My current endeavor is Rural America Onshore Outsourcing. The idea behind Rural America did not come to me overnight. As a matter of fact, my business partner Sunny Dronawat and I bounced the idea back and forth for ten months before we opened our doors.

During 2006 through 2007, I was building a company that created online charitable mutual fund software to be used by nonprofits. Development costs were triple the projected budget. Thus, I was forced to try outsourcing development work to India. I stupidly had fallen in love with the lure of having IT work performed at $13.57/hour instead of the normal urban USA $75/hour. Trust me, if you are a small- or medium-sized company, offshoring your projects usually will not turn out well. Ours was not a unique story: dismal results ... poor quality, missed deadlines, cost overruns, etc.

On a personal trip to rural Wisconsin, I discovered that I could hire rural American programmers beginning at $17/hour. I returned to Cincinnati convinced that I should hire this rural talent for my software company -- but I was thinking too small.

The decision to launch Rural America finally occurred when Sunny convinced me that we could offer services to urban customers worldwide by utilizing these rural professionals at rates that were competitive with offshoring. We opened our doors in August, 2008 and quickly obtained our first customer: a British firm who found us on LinkedIn. (LinkedIn is a great marketing tool!)
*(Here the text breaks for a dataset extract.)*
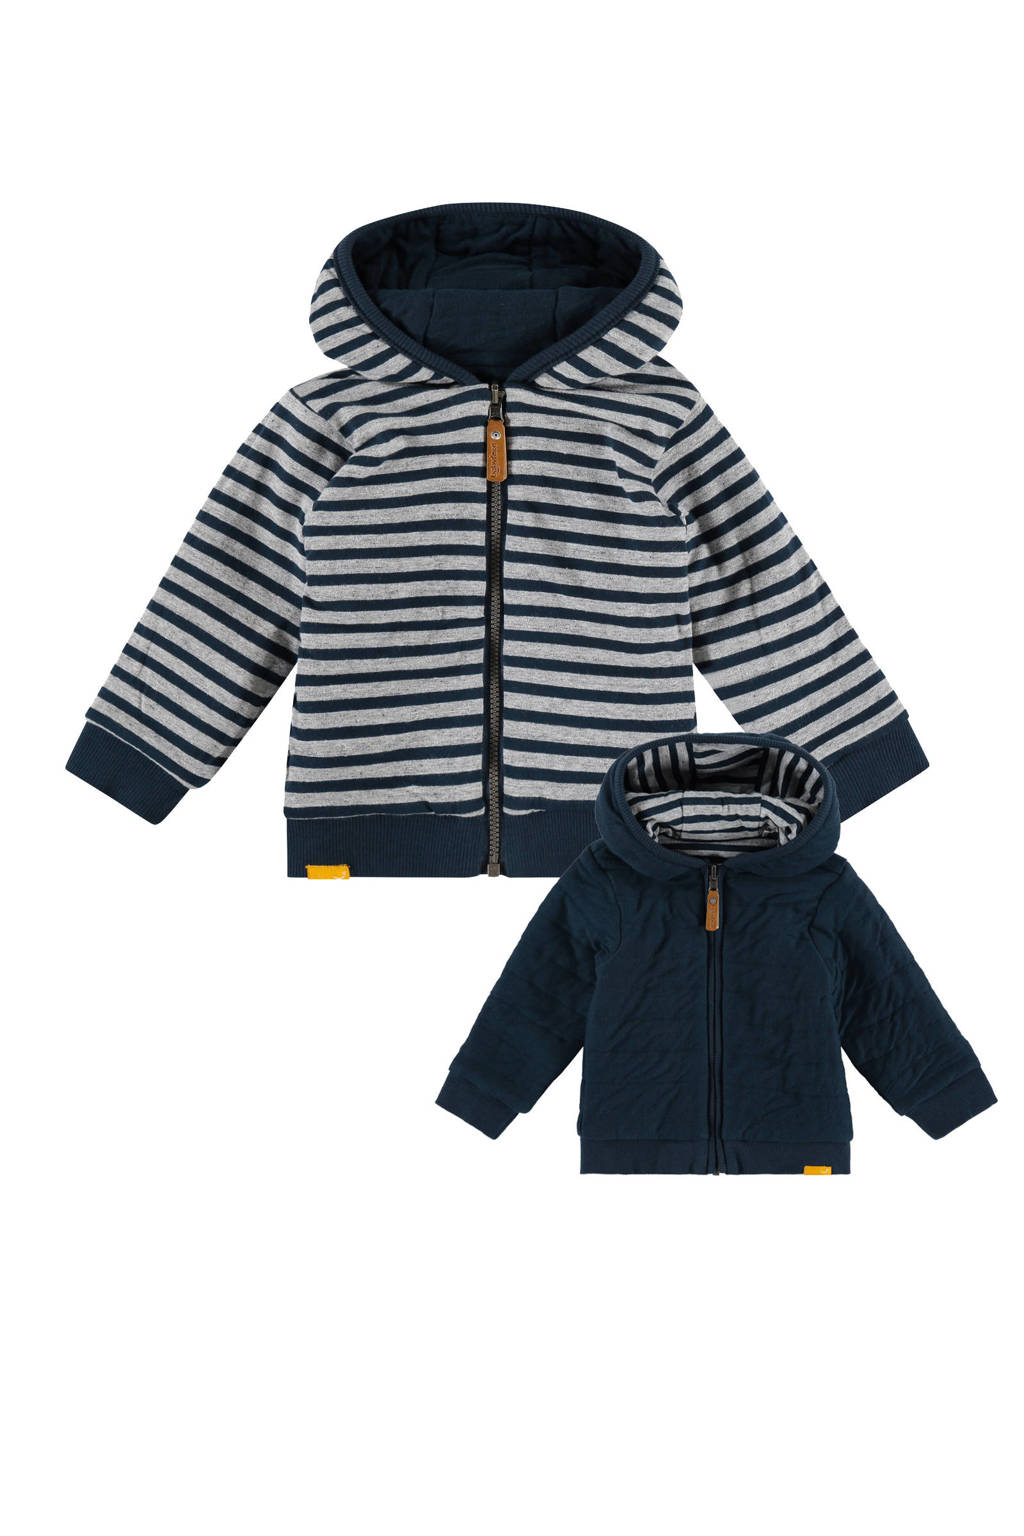 Babyface baby gestreepte reversible winterjas donkerblauw/lichtgrijs melange, Donkerblauw/lichtgrijs melange

Two years later, business is booming. This is by far the "funnest" startup I've ever been involved with. We are providing a great service to our happy customers; our shareholders are pleased with the results, and best of all, we are making an impact on people's lives by enabling rural Americans to live where they want to live rather having to move to urban areas to find employment. Yes, we've had to zigzag various aspects of our business model to better meet customer needs. But that is an essential part of making a startup stick around.

Rural America is not only bringing work back to rural USA (our menu of services includes IT, BPO, Creative Design, Marketing and the list is growing daily), but using technology (both off-the-shelf and proprietary tools and processes) to allow over 90 percent of our workforce to work from home and to connect seamlessly with others located elsewhere. We form effective and smoothly-run virtual teams. Thanks to technology, we are able to give each of our clients the people best suited for the job at hand, regardless of where they are based. Currently, we are recruiting Talent in 45 states with plans to expand to all 50 by the end of 2010.

Every time my wonderful wife, a senior executive at a large corporation, asks me how my day went, I almost always give the same two answers: "Good and Bad" or "The Dragons won today" (very rarely does everything go perfectly.) She admits she doesn't understand why entrepreneurs enjoy taking the risks, headaches, setbacks, and failures. I've shared with her that we entrepreneurs want to control our own destinies. We have to create and build, so that others may follow. Such is the life of an entrepreneur. If you have dreams of being one, come join our ranks. If you are one, keep fighting the Dragons. You'll eventually win.